The tax holiday till 2047 for foreign companies setting up data centres in India is highly problematic. Data centres are power guzzlers. That’s why tech giants like Meta, Google and other AI companies want to set them up at offshore locations in India and elsewhere.
The other big-ticket idea that featured in the minister’s speech in the past several years — the Anusandhan National Research Foundation (ANRF) — got only a cursory mention this time. The government had promised Rs 50,000 crore for the ANRF over five years, but it got a meagre Rs 2,000 crore last year, and gets the same this year. Another big idea was the Research, Development and Innovation (RDI) scheme announced last year to fund deep tech projects in the private sector. It is supposed to get Rs 1 lakh crore over seven years. It was allotted Rs 20,000 crore last year, but only Rs 3,000 crore could be spent as the scheme was approved by the Cabinet only in July, and rules were formed by November last year.

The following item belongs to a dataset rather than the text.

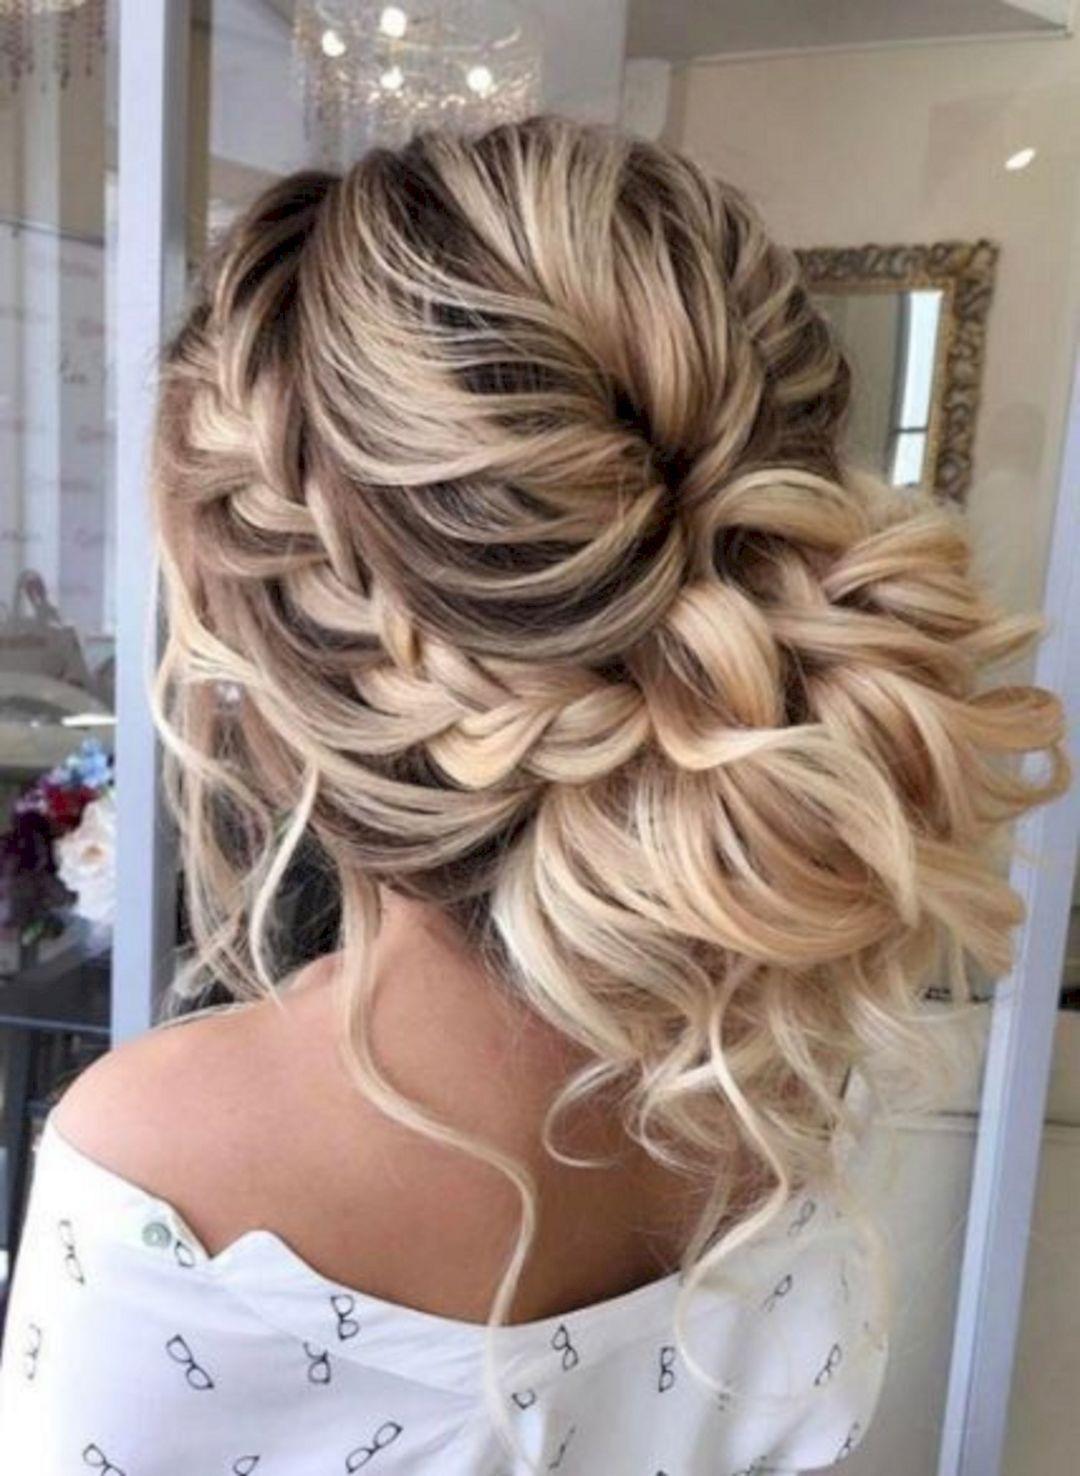 Bridesmaids Hairstyles  Wedding Bridesmaid Hairstyles for Long Hair – OOSILE

Despite low utilisation of funds and tardy implementation of the RDI, the budgetary allocations mark a clear shift from the public to private in research funding. The ANRF, which supports research in government labs and universities, gets Rs 2,000 crore, and the RDI — set up solely for the private sector — gets 10 times more.
In effect, the research kitty for public institutions has shrunk and not grown as was promised when the ANRF was floated as an umbrella research funding agency replacing the Science and Engineering Research Board. This is a silent but worrying signal from the science and technology budget this year.